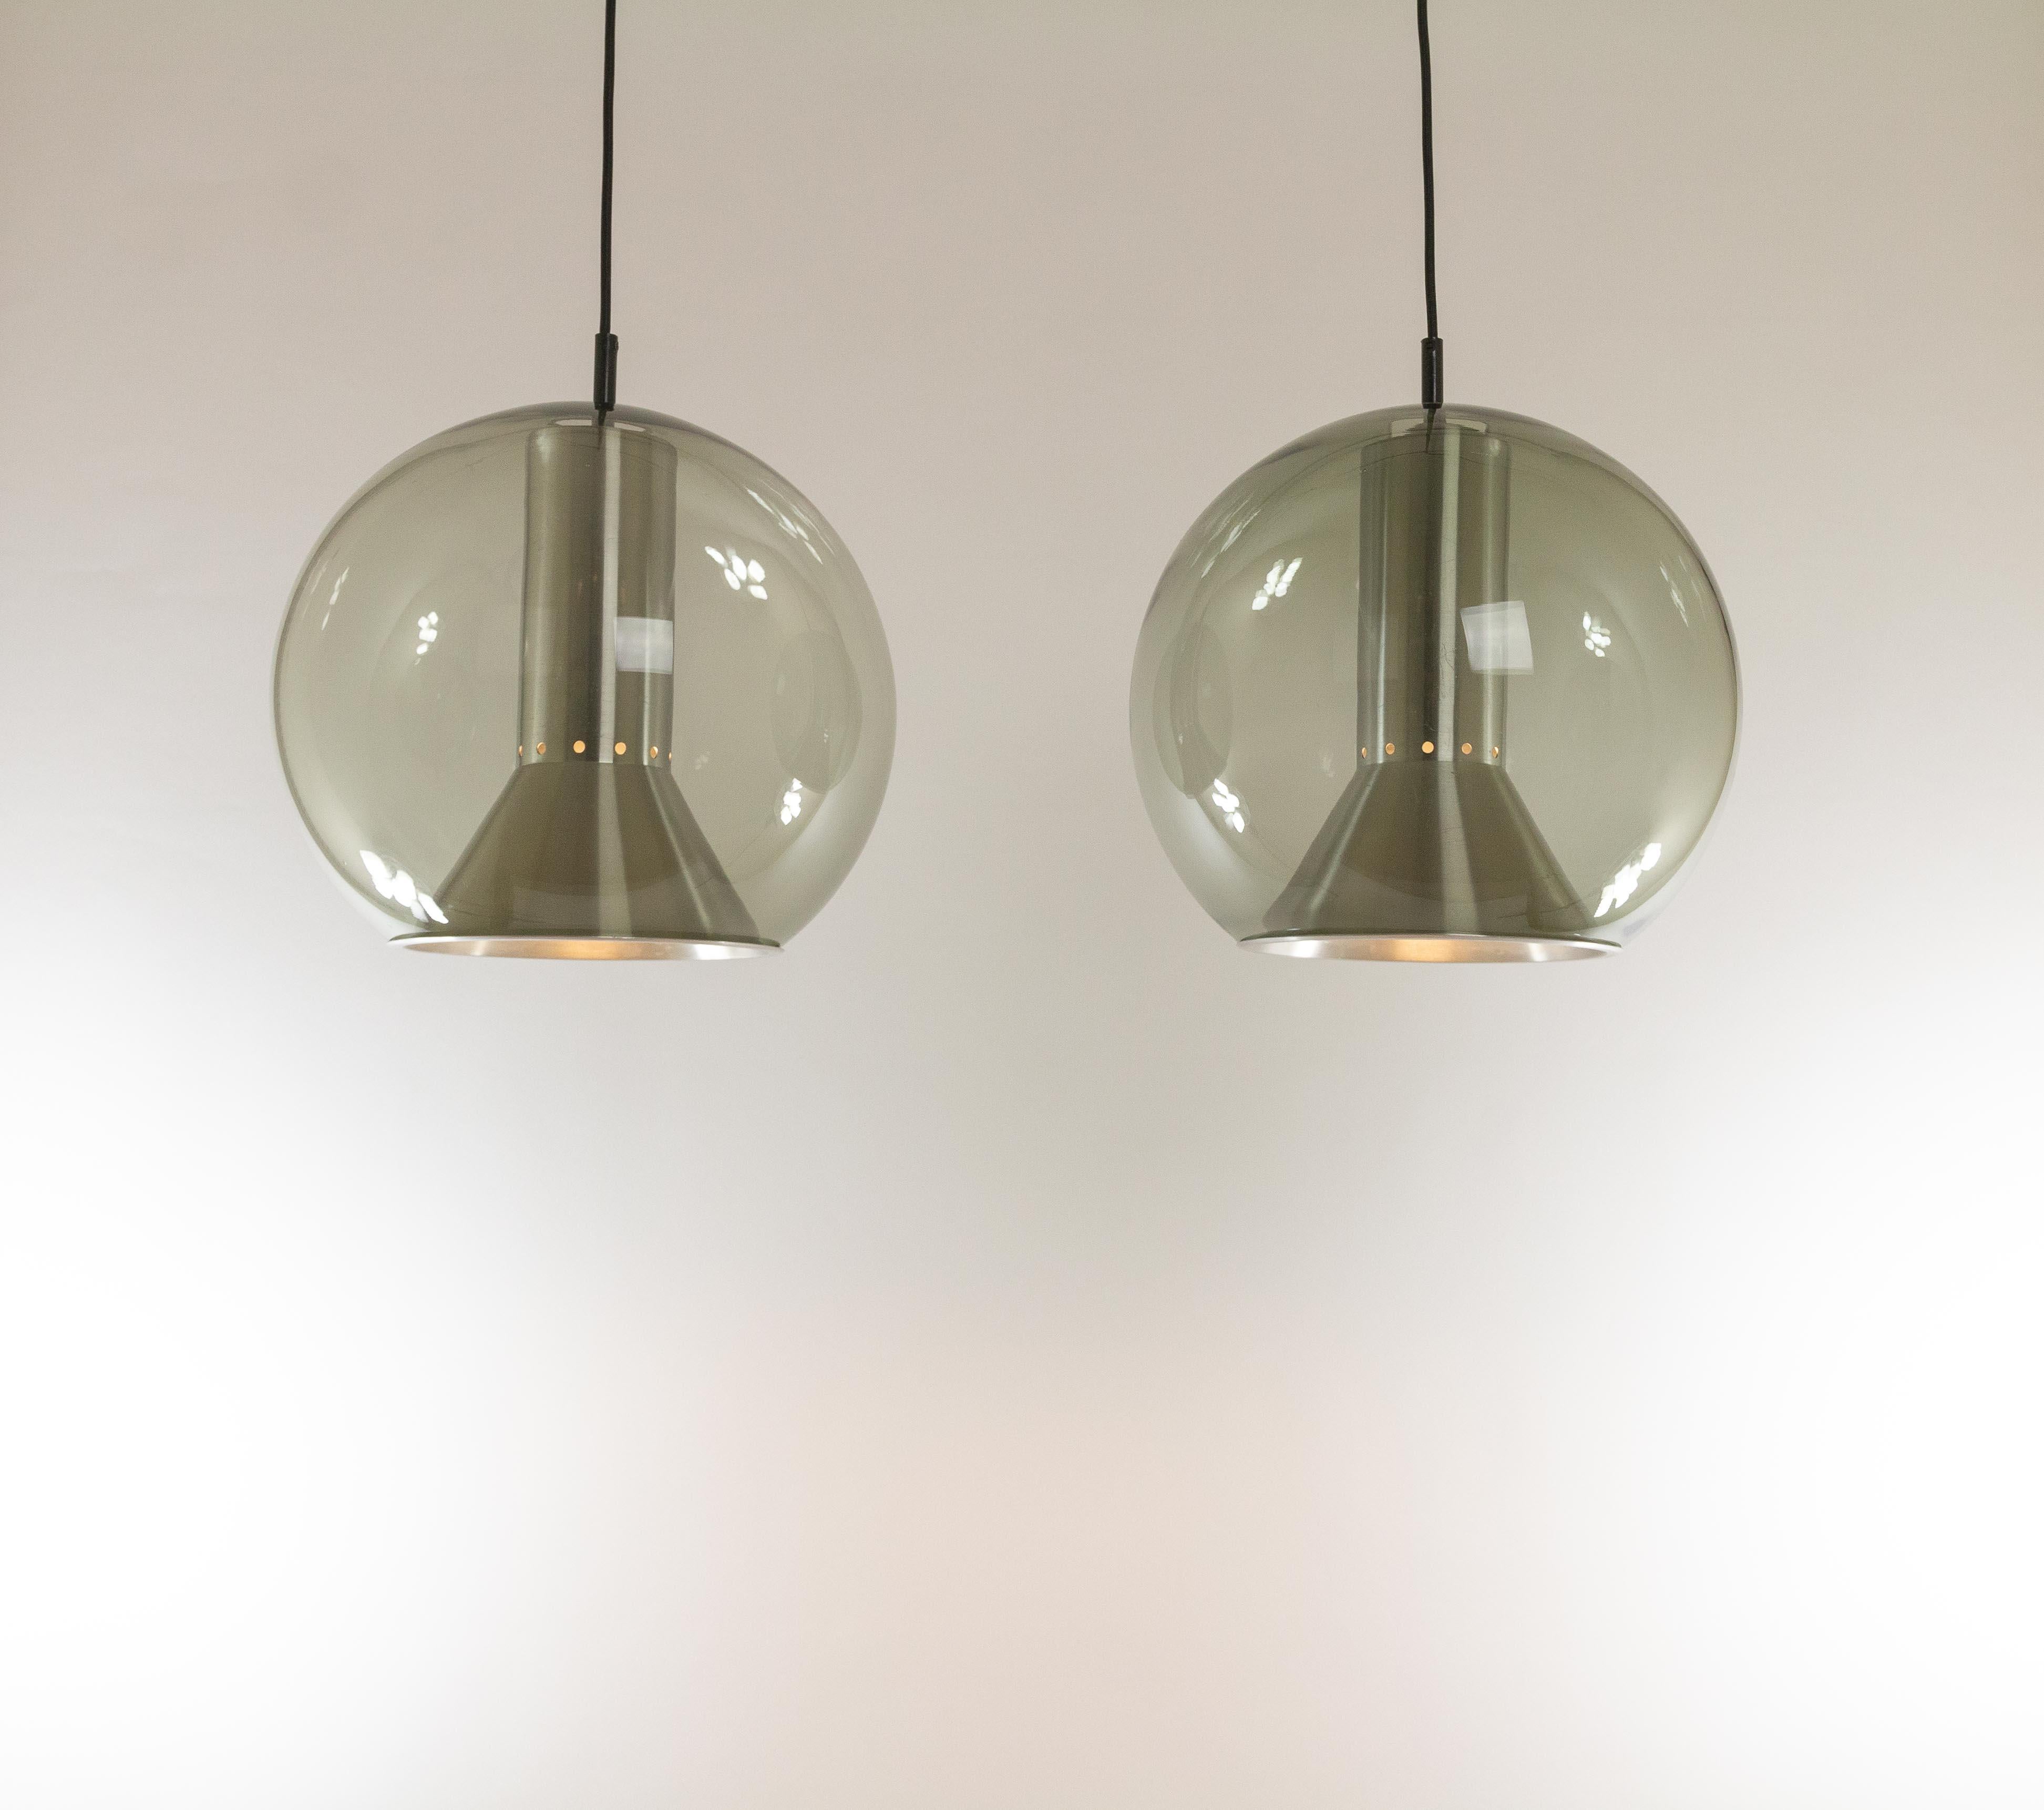 Paire de suspensions Globe de Frank Ligtelijn pour le fabricant de luminaires néerlandais RAAK Amsterdam, années 1970. 

Ces lampes font partie de la série dite Calle, qui comprend toute la gamme des modèles potentiels : lampes de bureau,
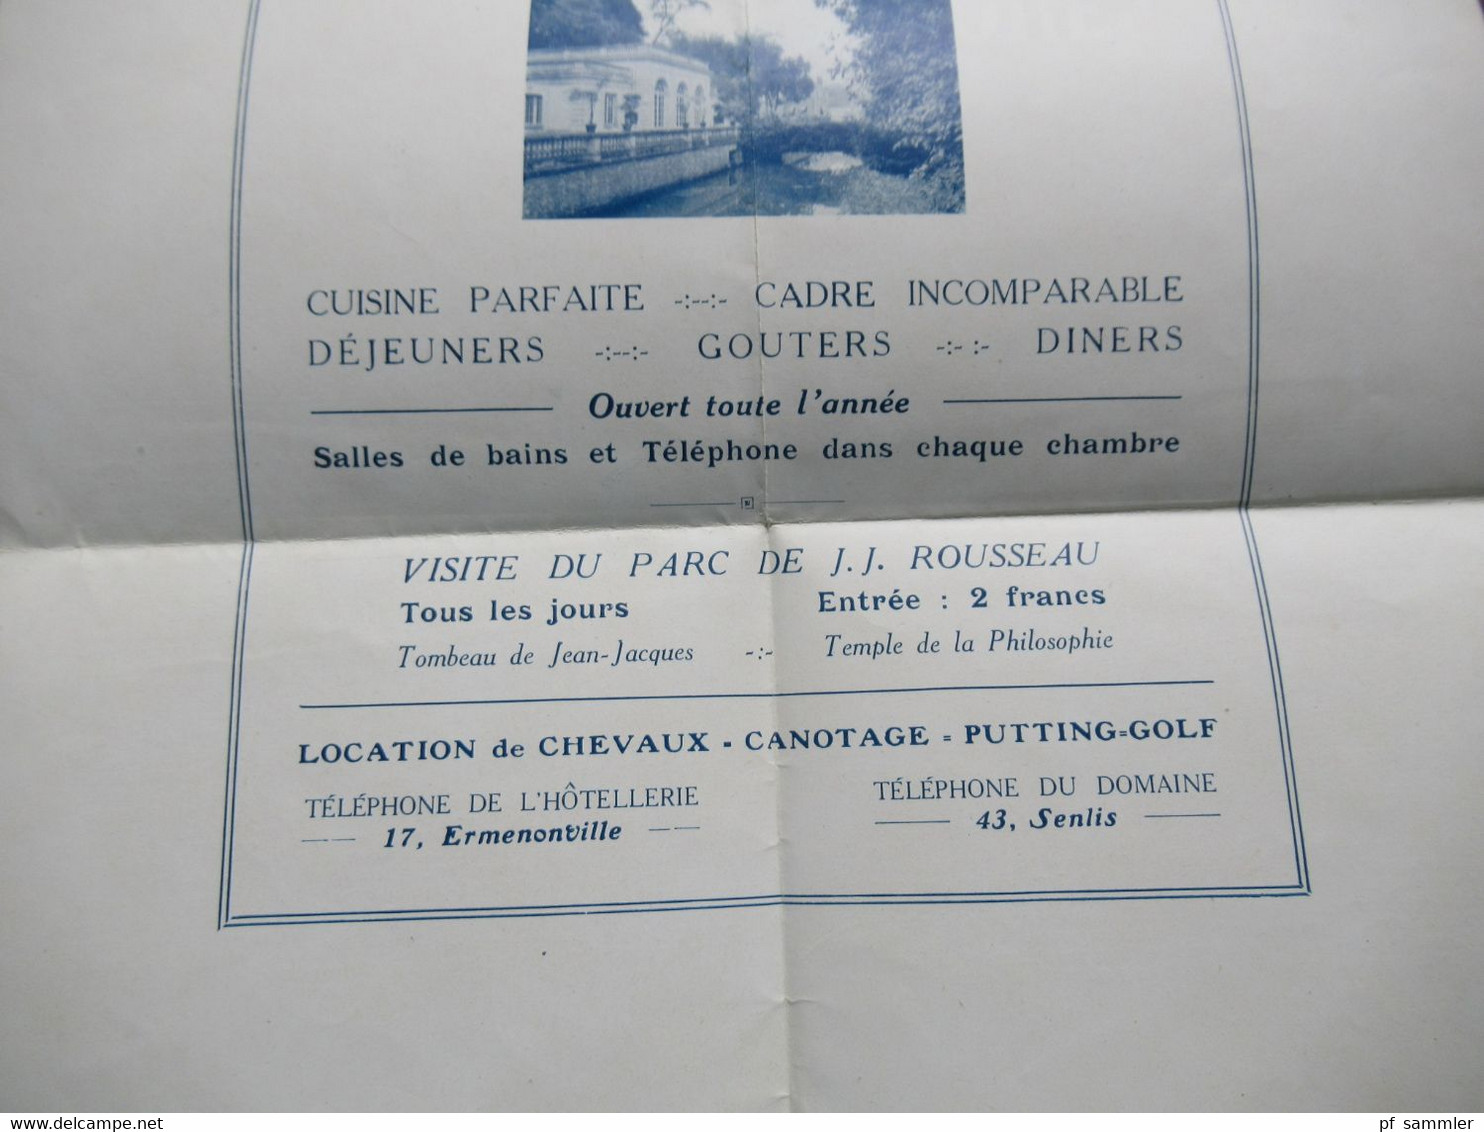 Hotel Werbung Plakat Un Joyau de l'Ile de France Ermenonville / Hotellerie Jean Jacques / Parc J.J. Rousseau ca. 1920
=-=-=-=-=
• **PROMPT**
From the line containing "Ces lampes font" down to the end of the listing above, every line is to be returned exactly, though the pictures are not.

• **EXERCISE RESULT**
Ces lampes font partie de la série dite Calle, qui comprend toute la gamme des modèles potentiels : lampes de bureau,
 Hotel Werbung Plakat Un Joyau de l'Ile de France Ermenonville / Hotellerie Jean Jacques / Parc J.J. Rousseau ca. 1920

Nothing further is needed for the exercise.